Читать «КОШМАР : МОМЕНТАЛЬНЫЕ СНИМКИ» онлайн - страница 362
Брэд Брекк
Я хранил урну с пеплом на рабочем столе, и, честно признаться, он всё время сыпался на пол.
Как-то вечером, через два месяца после её смерти, моё раздражение достигло апогея. Я поклялся небесами, что отыщу какую-нибудь девку и затрахаю её до смерти, чтобы сорвать злость.
– Если ты думаешь, что я до конца дней буду болтаться как говно в проруби и думать о тебе, то ты просто спятила! Уж как-нибудь справлюсь и без тебя …
Я чуть было не спустил её прах в унитаз. Я хотел разбить урну, высыпать пепел в воду, смыть и прокричать : "Счастливого пути, крошка, ступай на веки вечные в канализационную систему Калгари, а мне плевать, будешь знать, как умирать!
Но я не сделал этого.
Хотя знал, что она бы над этим только посмеялась. Всю зиму я крепился, а по весне разметал её прах именно там, где она завещала, и любовался при этом видом на реку Ред-Дир-Ривер.
После её смерти мне всё уже было до лампочки. Я тоже хотел умереть. Я устал цепляться за жизнь. Сначала во Вьетнаме. Теперь вот в Канаде.
*****
Тоска – долгий и трудный процесс, и порой нужна помощь, чтобы с ним справиться. Оглядываясь на свой печальный опыт, я сожалею, что рядом не оказалось никого, кто мог бы мне помочь. Думаю, мне было бы легче. Сплошь и рядом я совершал ошибки. Я отдалился от друзей, соседей, вообще от общества. Я плотно задёрнул шторы. Не отвечал на телефонные звонки. Редко выходил из дому при свете дня – разве только в продуктовый магазин. А если всё-таки выходил, то это случалось обычно после полуночи : три или четыре часа я мотался на машине, чтобы расплескать хоть часть своей злости – и ничего не выходило. Отмерив 20 миль, я возвращался домой, и, как и прежде, раздражение так распирало меня, что всякий раз я почти срывал с петель входную дверь. Я не мог сосредоточиться. Не мог уснуть. Но потом я впал в ещё более глубокую депрессию, и теперь мог только спать. По утрам не хотелось вставать с постели. О пище я вообще не думал. Я не хотел делать ничего. Я хотел умереть, просто не быть. У меня не было ни будущего, ни прошлого. Я жил во мраке. Ни живой, ни мёртвый. Я был словно восставший из мёртвых. О себе я не думал и будущего не видел. К тому времени я уже почти 20 лет страдал от депрессии – с самого возвращения из Вьетнама, и лекарства мне не помогали. Они только маскировали боль, и я жил, ничего не чувствуя, как зомби. А пойти бы тогда к врачу, да получить бы рецепт на прозак.

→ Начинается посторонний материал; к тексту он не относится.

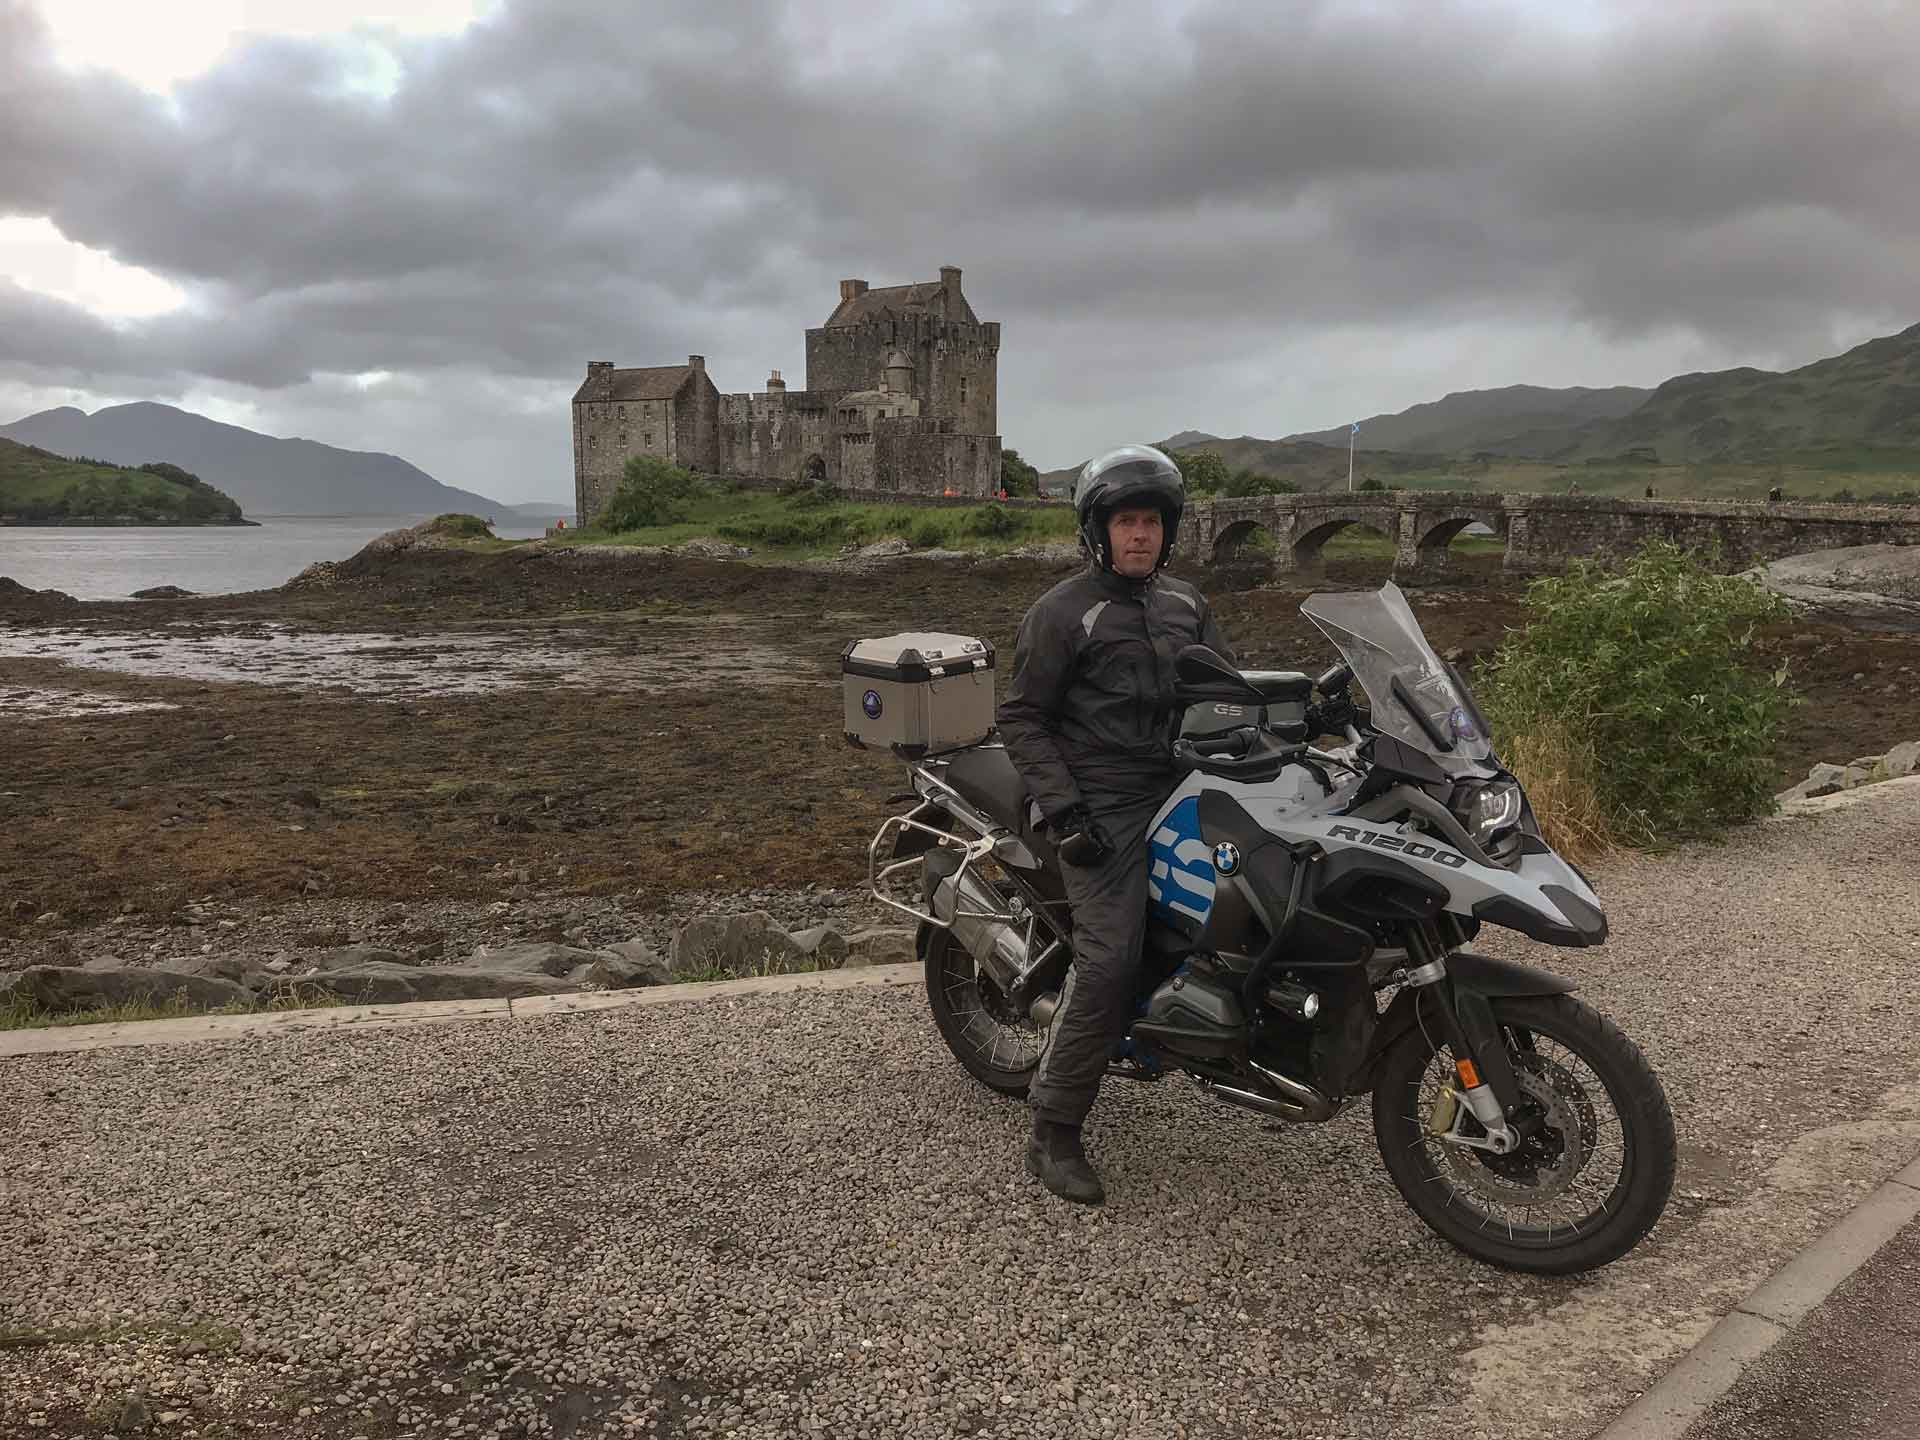 Scotland Motorcycle Tour, Days 5 & 6 - Free day in Oban and then on to Ullapool

Это был худший отрезок моей жизни. Как никогда раньше я приблизился к краю пропасти. Свет покинул мою жизнь, и мой мир был чернее "Чёрной норы" Калькутты. Так тянулось месяцы и месяцы. У меня не было ни энергии, ни побуждений. Это был жестокий удар для жизни, которая и без того с раннего детства изобиловала трагедиями… Я ни с кем не разговаривал, только с моим другом Фрэнком Витманом, который один иногда забегал ко мне и приглашал на ужин по-китайски.